Agent tools and actions

Definition

Tools and actions are the hands of an AI agent. While the LLM provides reasoning and language understanding, tools give the agent the ability to affect the world: search the web, run code, query a database, send messages, or call any external API. Without tools, an agent is limited to what it knows from its training data; with tools, it can access real-time information, perform computation, and take side-effecting actions.
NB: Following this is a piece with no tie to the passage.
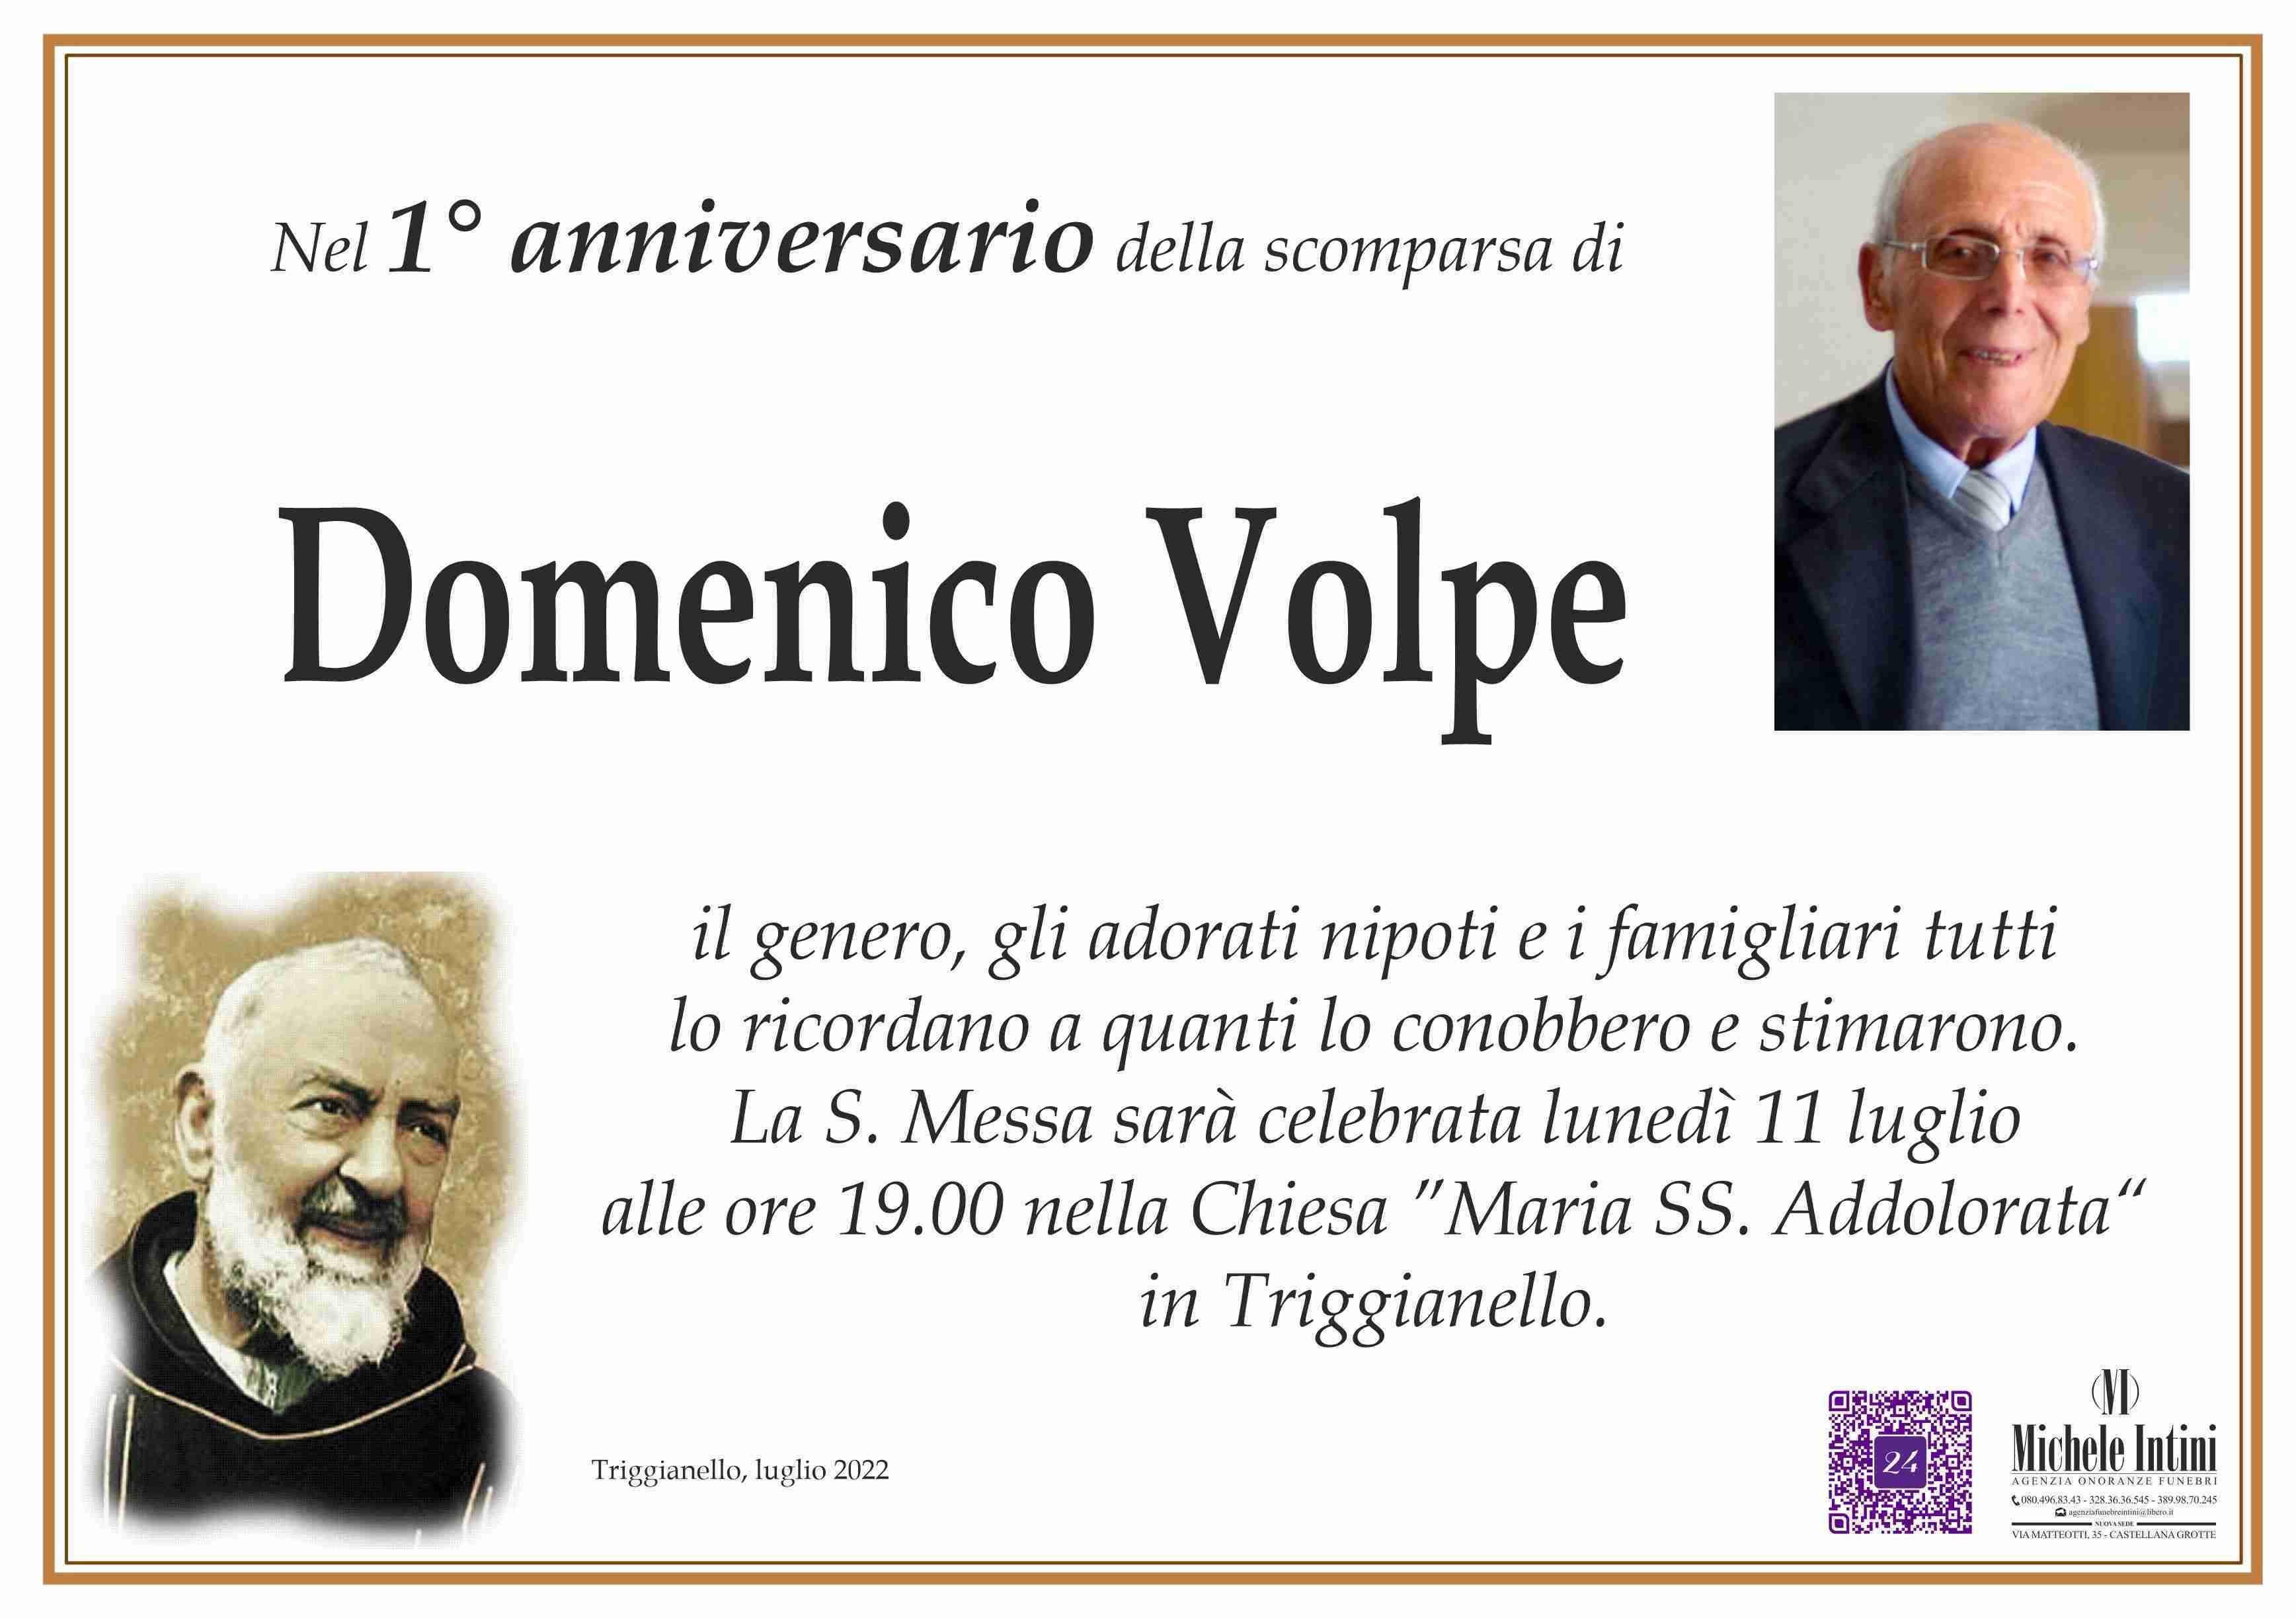 Domenico Volpe

In the OpenAI and Anthropic ecosystems, the mechanism for tool use is called function calling (OpenAI) or tool use (Anthropic). The developer defines a set of tool schemas—structured JSON descriptions of each tool's name, purpose, and parameters—and includes them in the API request. When the LLM decides that a tool is needed, it returns a structured tool-call object rather than plain text. The calling code executes the tool and feeds the result back into the conversation. This loop repeats until the agent produces a final answer.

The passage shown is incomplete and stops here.